Clinical and genetic features of Gitelman syndrome patients with hyperuricemia
Clinical and genetic features of Gitelman syndrome patients with hyperuricemia

Clinical and genetic features of Gitelman syndrome patients with hyperuricemia

Clin Kidney J. 2025 Oct 23;18(12):sfaf311. doi: 10.1093/ckj/sfaf311. eCollection 2025 Dec.

ABSTRACT

BACKGROUND: Gitelman syndrome (GS) is a rare inherited salt-losing tubulopathy caused by dysfunction of the thiazide-sensitive sodium-chloride cotransporter (NCC). Hyperuricemia is frequently observed in patients with GS, yet its risk factors and associations with GS remain unclear. This study aimed to investigate the percentage, clinical characteristics, and genetic mechanisms in GS patients with hyperuricemia.

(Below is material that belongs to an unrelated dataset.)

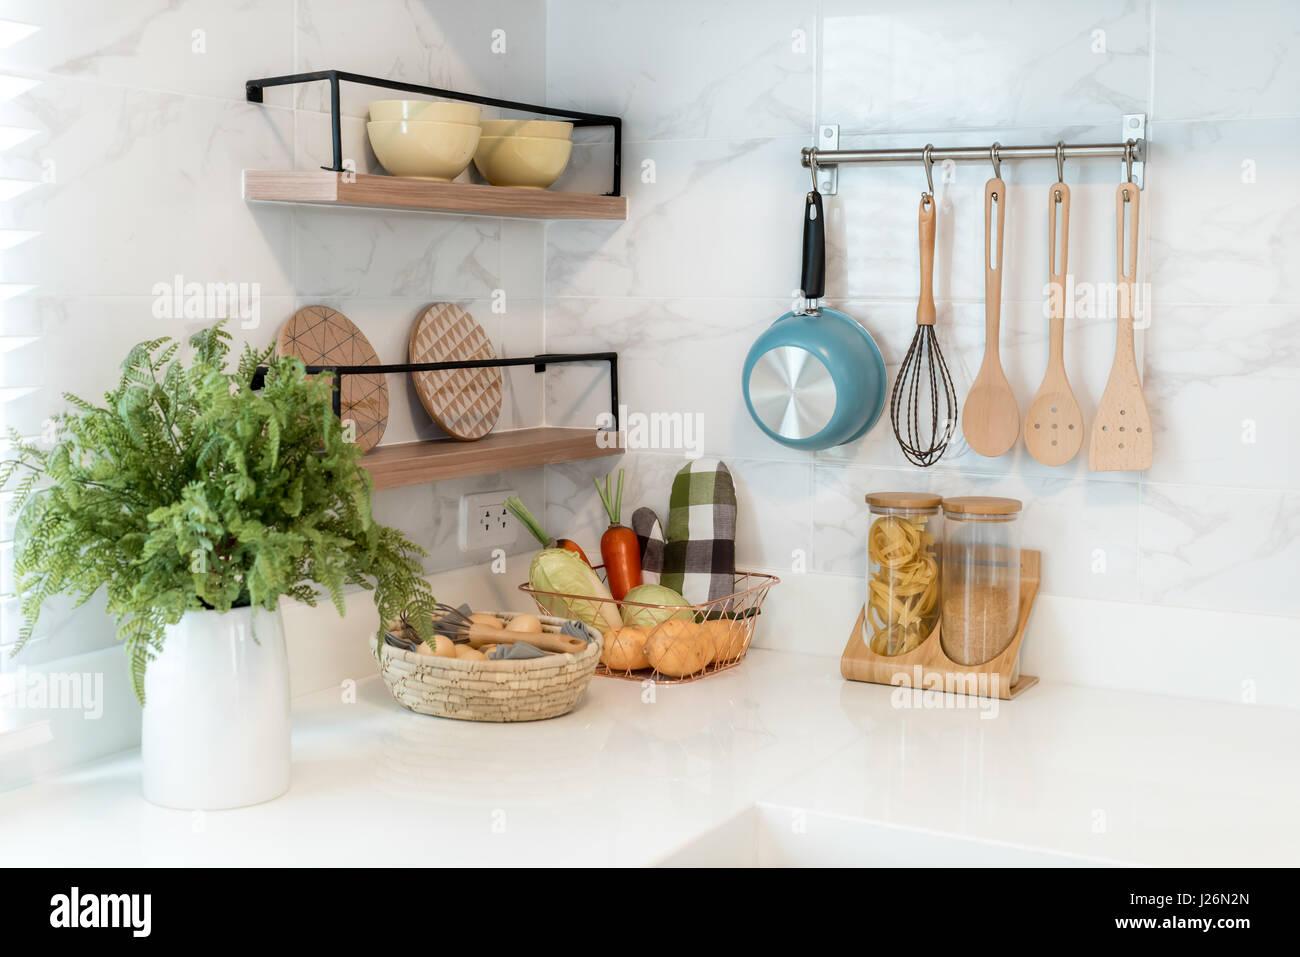 Outils de cuisine, chef d'accessoires. Cuisine en cuivre suspendus avec du carrelage blanc mur. Photo Stock

METHODS: We reanalyzed the GS cohort at Peking Union Medical College Hospital, investigated the baseline clinical, laboratory, and genetic data of GS patients, and utilized the Illumina Human Asian Screening Array-24+v1.0 gene chip and IMPUTE2 for single nucleotide polymorphism (SNP) analysis.

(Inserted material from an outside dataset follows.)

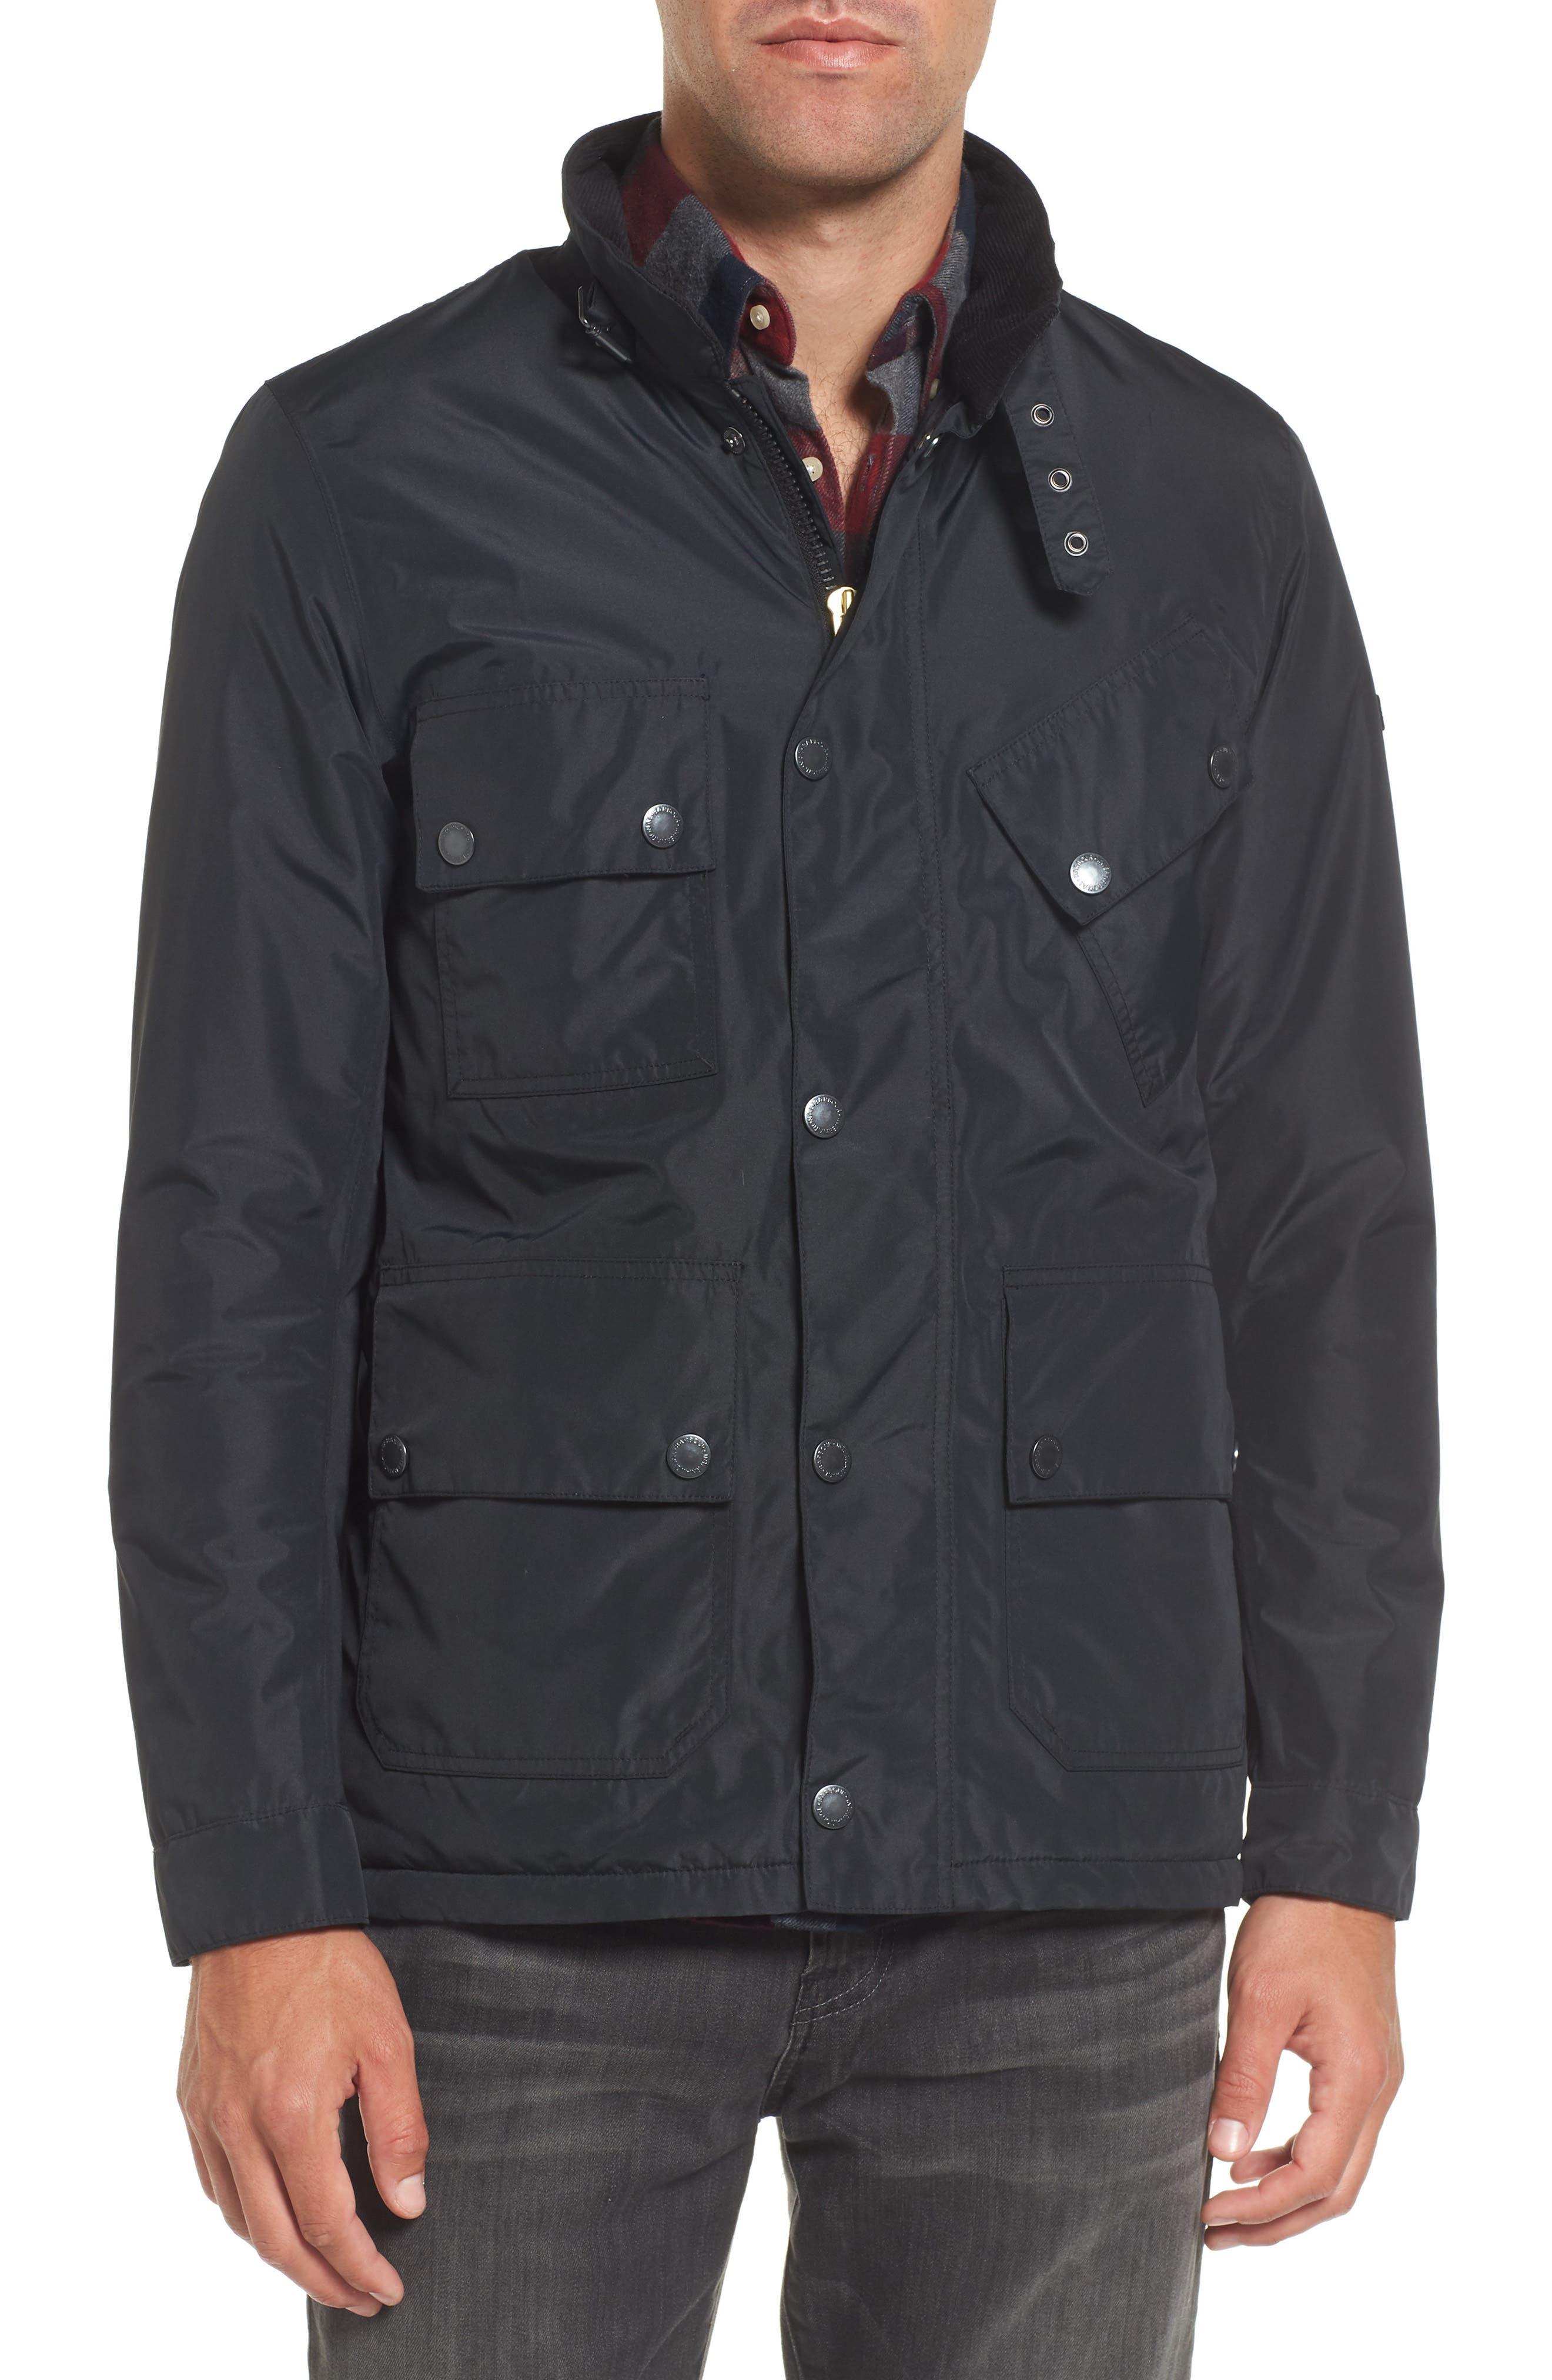 B.Intl Tyne Waterproof Jacket,                             Alternate thumbnail 4, color,                             001

RESULTS: The average serum uric acid of 132 GS patients was 352.3 ± 96.9 μmol/l (5.9 ± 1.6 mg/dl), with 21.2% hyperuricemia [mean 486.1 μmol/l (8.2 mg/dl)] and two cases of gout. The GS patients with hyperuricemia had higher body mass index (BMI) (24.3 ± 3.9 vs 21.7 ± 3.5 kg/m2, P = .001), lower fractional excretion of uric acid (FEUA) (median 4.22% vs 6.17%, P < .001), and urinary calcium/creatinine ratio (0.05 vs 0.12 mmol/mmol, P = .004). In GS patients with or without hyperuricemia, the impairment of NCC function indicated by the value of increase of chloride excretion fraction (△FECl) in the hydrochlorothiazide test was median 0.49% vs 0.82% (P = .10). We focused on the SLC12A3 genotype and 33 SNPs linked to uric acid levels and found no significant genetic differences between patients with or without hyperuricemia.

CONCLUSIONS: Hyperuricemia is common in patients with GS in China, associated with elevated BMI and potentially more severe NCC dysfunction.